The data:

>>

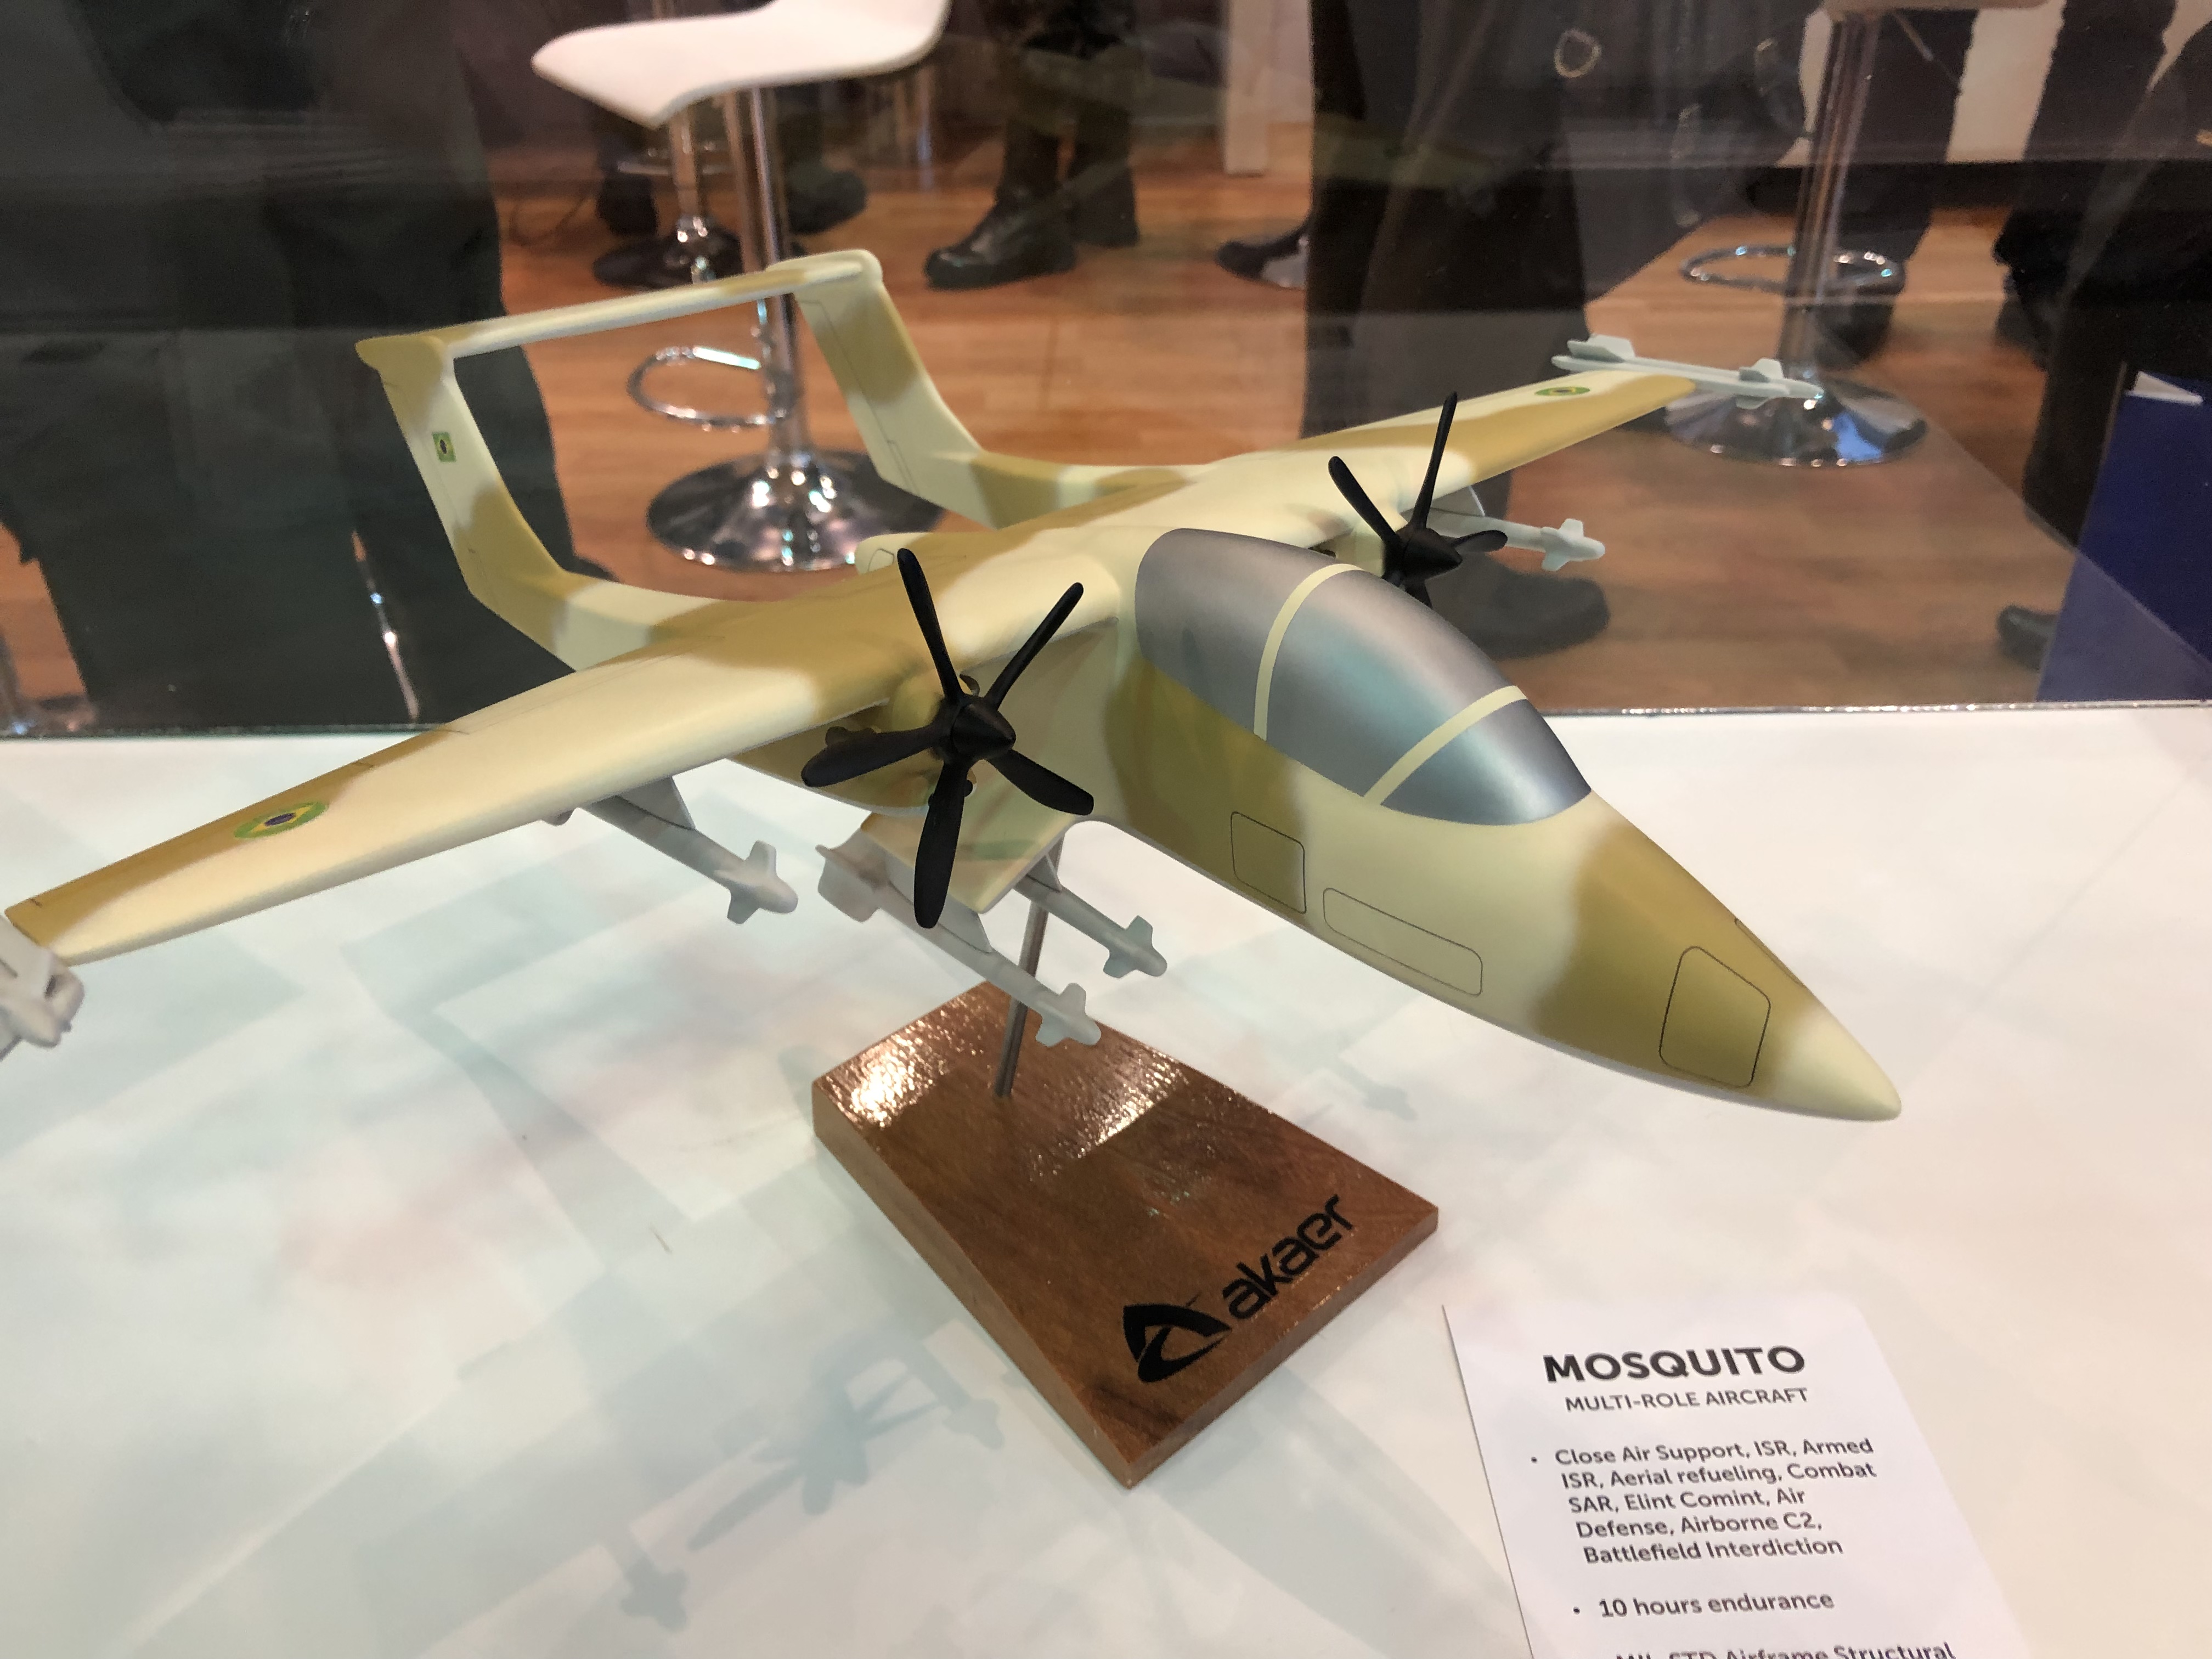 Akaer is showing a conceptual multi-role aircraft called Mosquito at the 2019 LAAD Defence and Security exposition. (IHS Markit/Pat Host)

<<
>>

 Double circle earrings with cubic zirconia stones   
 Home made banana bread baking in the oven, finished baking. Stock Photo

<<

Exercise objective:
Lines to set down from above: the line with "Double circle earrings", the line with "Home made banana", and every line between, each exactly as written.

Task response:
 Double circle earrings with cubic zirconia stones   
 Home made banana bread baking in the oven, finished baking. Stock Photo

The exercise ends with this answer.